You have received good advice on the source of your factor of two discrepancy. It occurred in the part of the solution that you did not write down -- the reasoning process that took you from the story to the equations.

It is easy, oh so very easy, to jump straight from the story to an equation, plug in some numbers and read off an answer. [I frustrated all of my teachers by doing exactly that, even though they always begged all of us to show our danged work].

It is better to proceed as if you were explaining the problem to someone else. Which you should be -- you should be explaining it to us. Write down an explanation for why you chose the equation(s) you did and an explanation for which variable names stand for what values.

In the case at hand we have:
the problem said:
A rotating wheel requires 3.00 s to complete 37.0 revolutions.

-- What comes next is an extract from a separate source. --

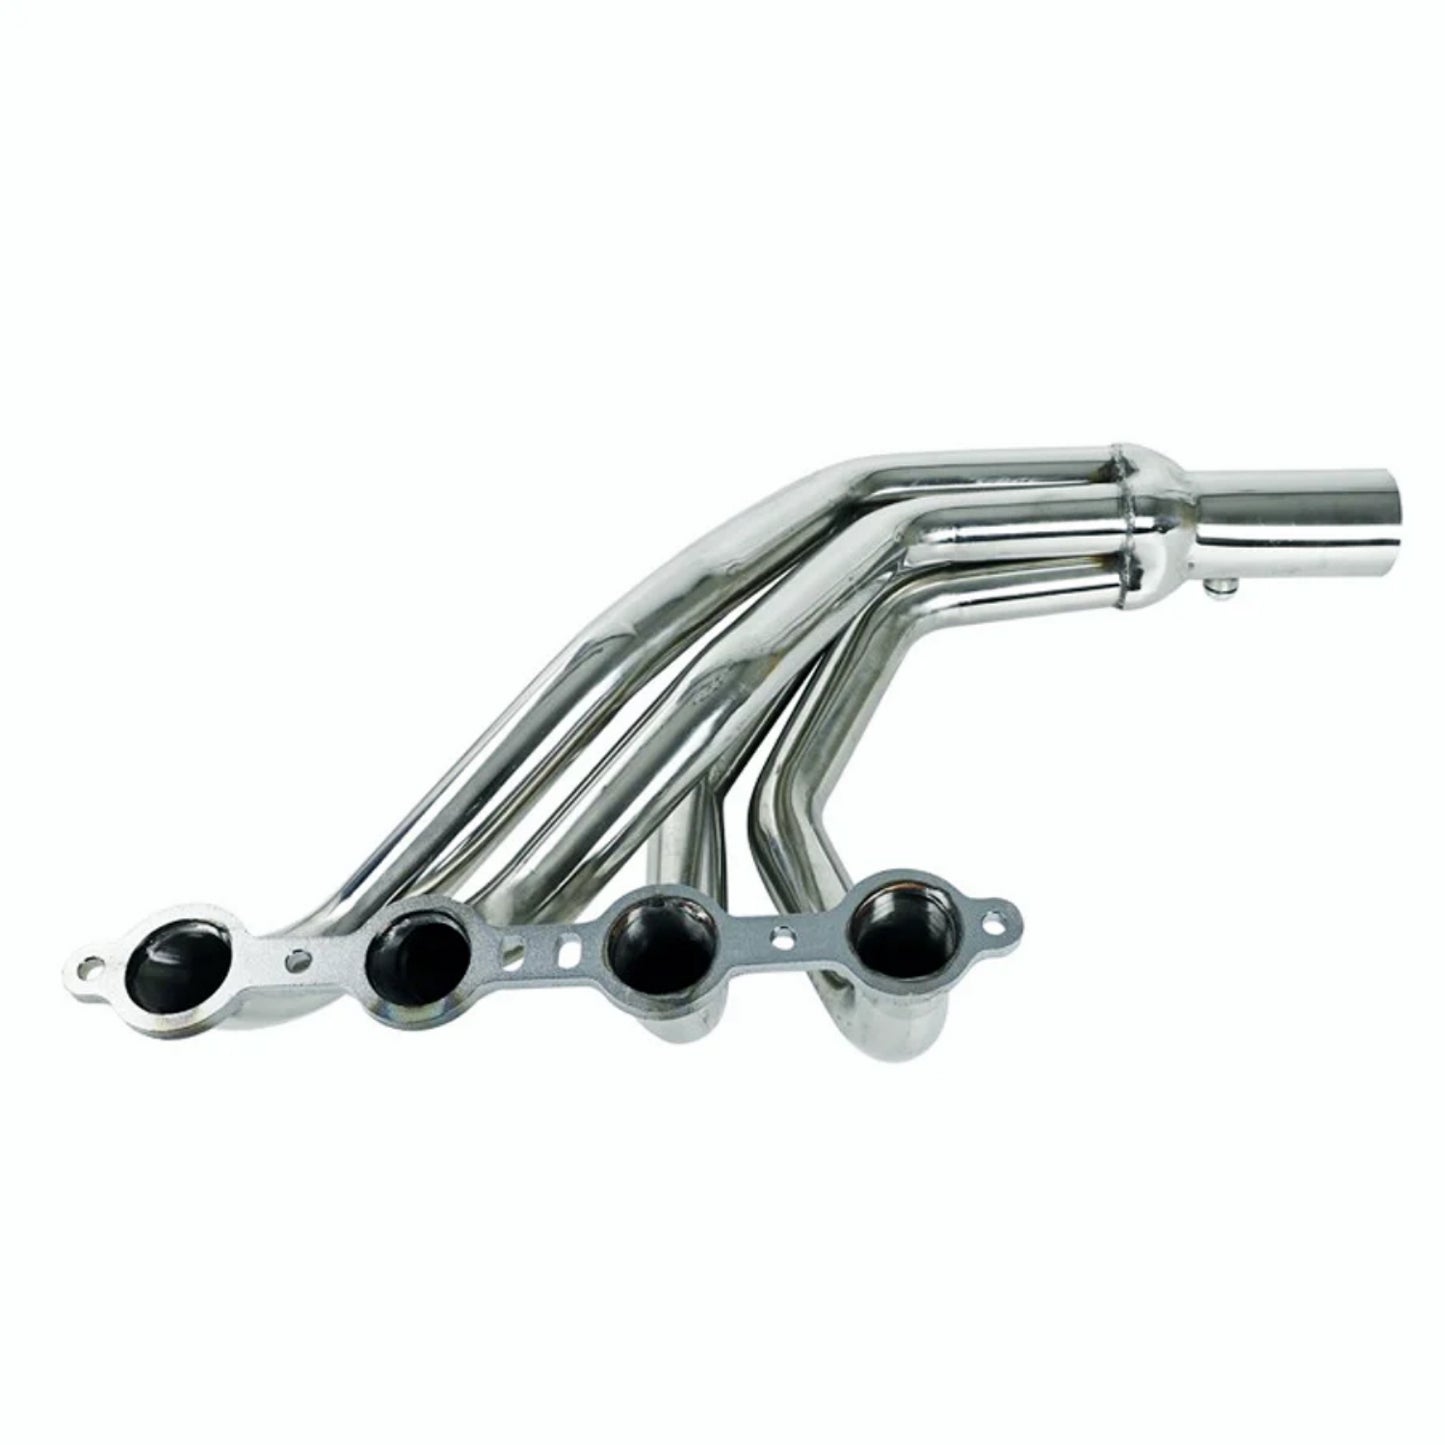 Exhaust Manifold Header For 1979-1993 & 1994-2004 Ford Mustang 4.8L 5.3L Fox Body LS Conversion Swap Headers

Its angular speed at the end of the 3.00-s interval is 98.0 rad/s. What is the constant angular acceleration of the wheel?
As I first look at the problem, I see that we have a wheel rotating 37 times in 3 seconds. But it is not a constant rotation rate. We have angular acceleration at a constant rate. We are not given an initial rotation rate.

It is immediately clear that the starting rotation rate will not be a rational number when expressed in rotations per second, so the starting rotation rate cannot be zero. You cannot subtract a rational (the average rotation rate) from an irrational (the final rotation rate when converted to rotations per second) and get a rational (the initial rotation rate). Alternately, one could have divided the final rotation rate by two to check whether it was equal to the average rate. One is rational, the other is irrational, so they are clearly unequal without even punching any numbers into a calculator. Not that there is anything wrong with punching numbers into a calculator.

The 37 rotations in 3 seconds must be the average rotation rate over that three second interval.

We also have a final rotation rate of 98.0 rad/s.

So I pause to take stock. We will have a unit conversion problem to deal with. We could work with rotations per second or radians per second. Best practice is to do the algebra first and do the unit conversions once we have a formula that needs inputs. So save the unit conversions for later.

It is time to write down an equation. What equation can we justify and write down?

We have an average rotation rate and a final rotation rate. To compute an acceleration, it would be good to have two known rotation rates and a time interval between them. We can get that...

In the case of constant acceleration, the average rotation rate is equal to the rotation rate at the midpoint of the interval. That is a handy fact to keep in your hip pocket.

We can consider the rotation rate at the midpoint of the interval as our starting rate, the rotation rate at the end of the interval as our final rotation rate and the second half of the interval as our interval of interest for calculating an acceleration.

So we can write down the generic equation for constant acceleration:$$\alpha = \frac{\omega_\text{f} - \omega_\text{avg}}{\Delta t/2} = 2\frac{\omega_\text{f} - \omega_\text{avg}}{\Delta t}$$Where ##\alpha## is our desired angular acceleration, ##\omega_\text{f}## is the given final rotation rate of 98.0 rad/s and ##\omega_\text{avg}## is the given average rotation rate of 37.0 rotations in 3.00 s.

Then we just have to convert the inputs into a set of consistent units, evaluate the formula and round to the appropriate number of significant digits.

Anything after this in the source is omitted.